Keep the dataset diverse and representative of your project requirements. You can add more data to your model later.
Only include data that your model needs to transcribe. Including data that isn't within your custom model's recognition requirements can harm recognition quality overall.

Data types

The following table lists accepted data types, when each data type should be used, and the recommended quantity. Not every data type is required to create a model. Data requirements vary depending on whether you're creating a test or training a model.

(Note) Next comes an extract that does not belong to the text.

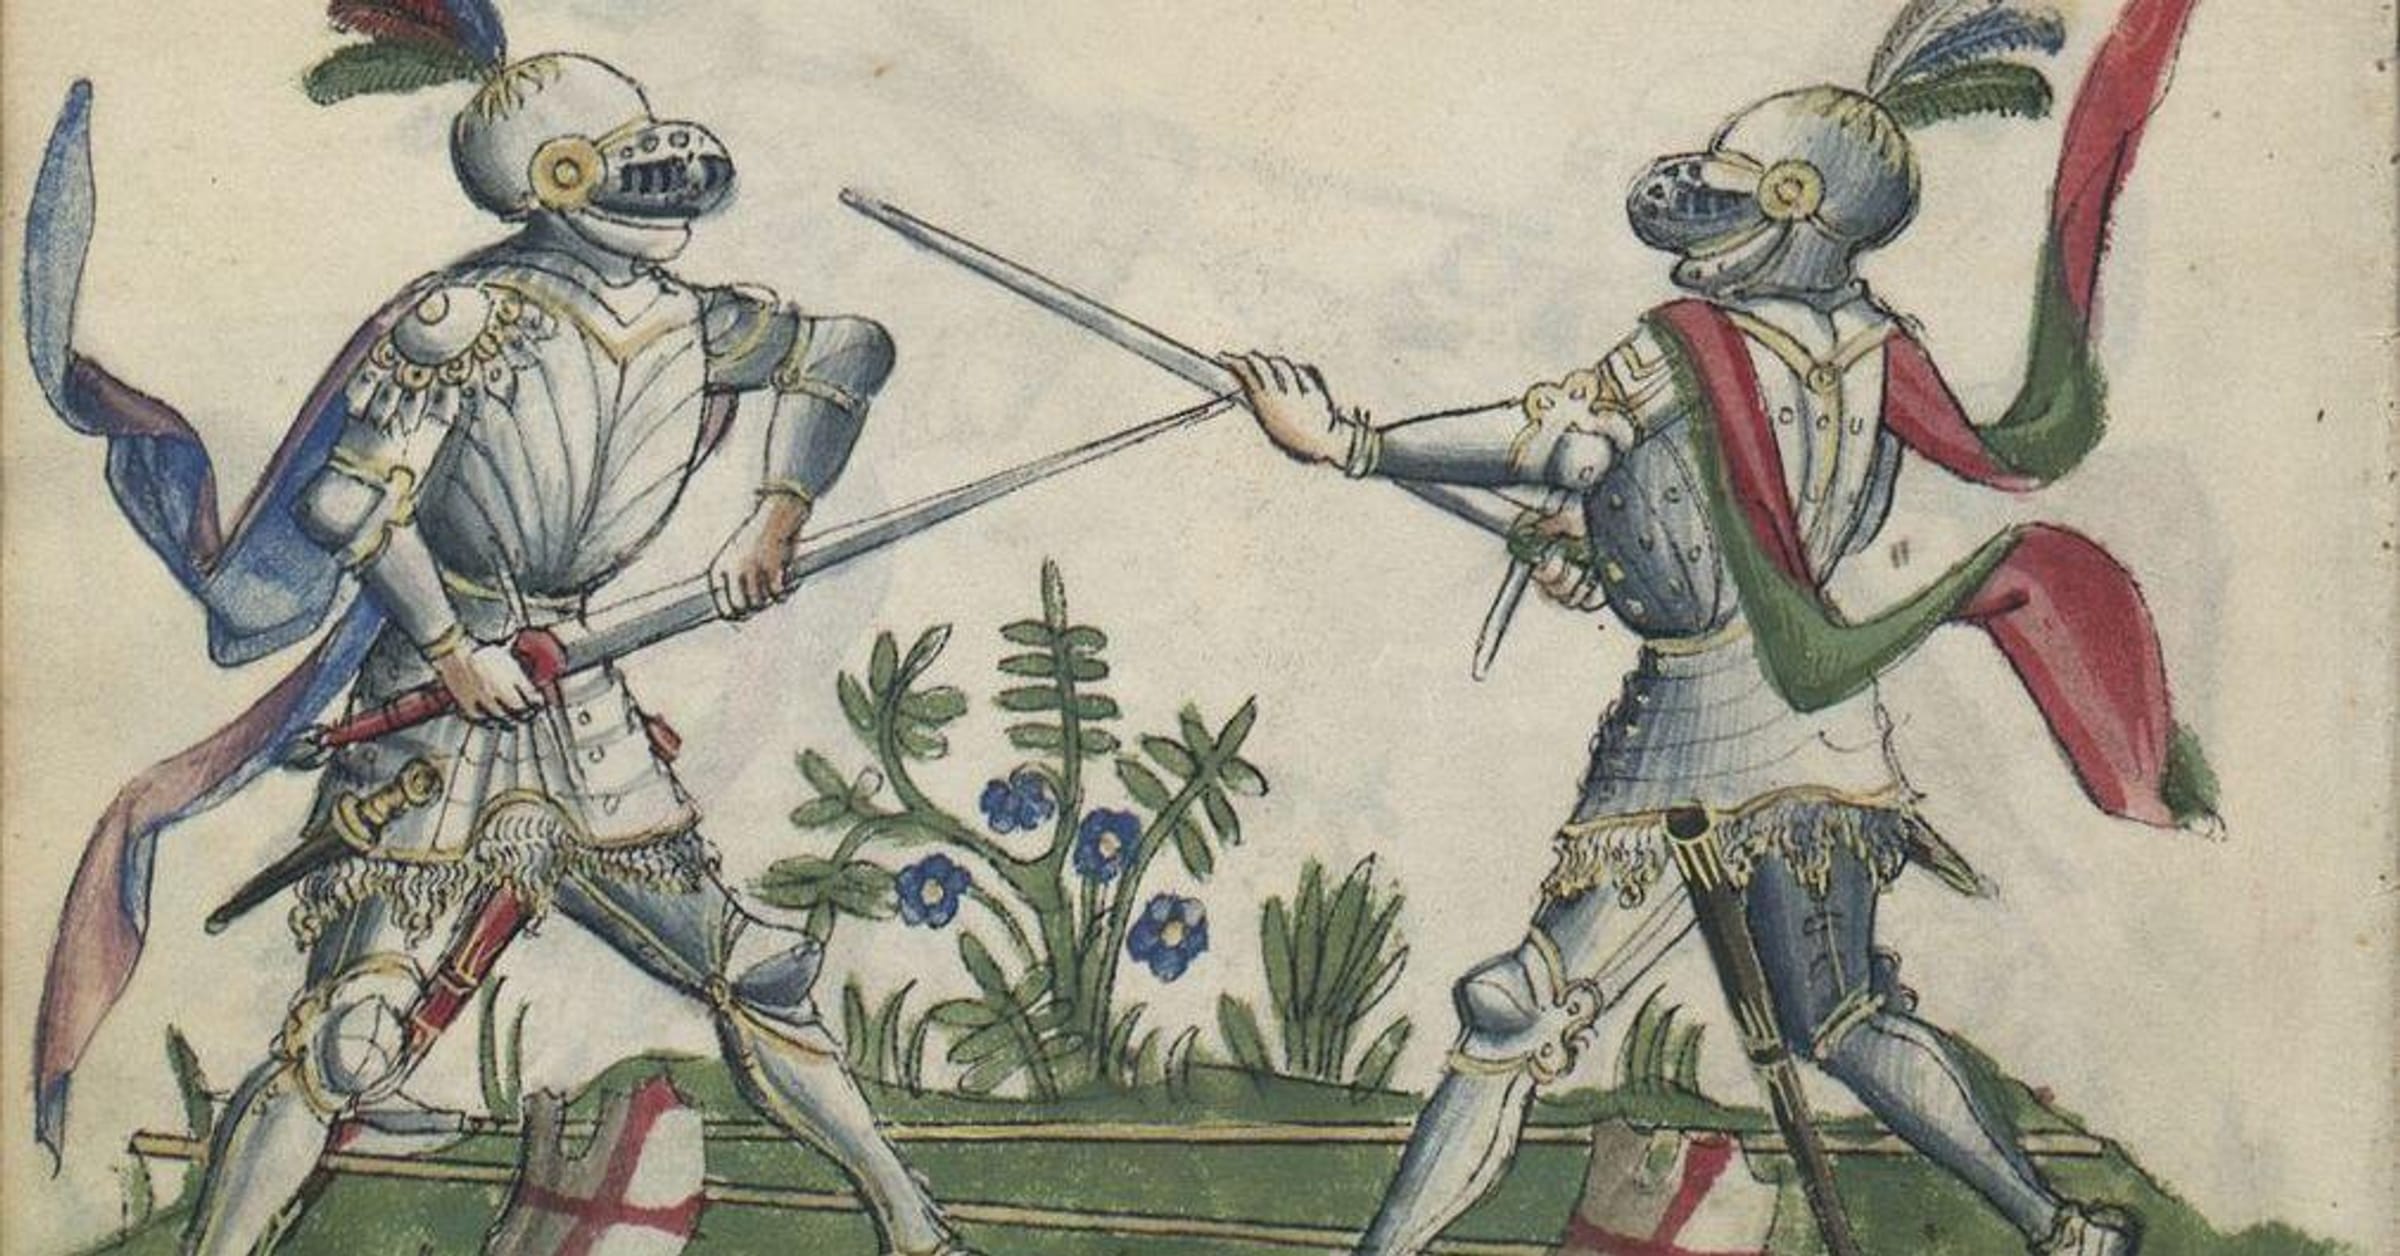 Old School Cool: Morphy's Murderous Knights

Data type	Used for testing	Recommended for testing	Used for training	Recommended for training
Audio only	Yes (visual inspection)	5+ audio files	Yes (Preview for `en-US`)	1-100 hours of audio
Audio + human-labeled transcripts	Yes (evaluation of accuracy)	0.5-5 hours of audio	Yes	1-100 hours of audio
Plain text	No	Not applicable	Yes	1-200 MB of related text
Structured text	No	Not applicable	Yes	Up to 10 classes with up to 4,000 items and up to 50,000 training sentences
Pronunciation	No	Not applicable	Yes	1 KB to 1 MB of pronunciation text
Display format	No	Not applicable	Yes	Up to 200 lines for ITN, 1,000 lines for rewrite, 1,000 lines for profanity filter

Training with plain text or structured text usually finishes within a few minutes.

Tip

Start with plain-text data or structured-text data. This data will improve the recognition of special terms and phrases. Training with text is much faster than training with audio (minutes versus days).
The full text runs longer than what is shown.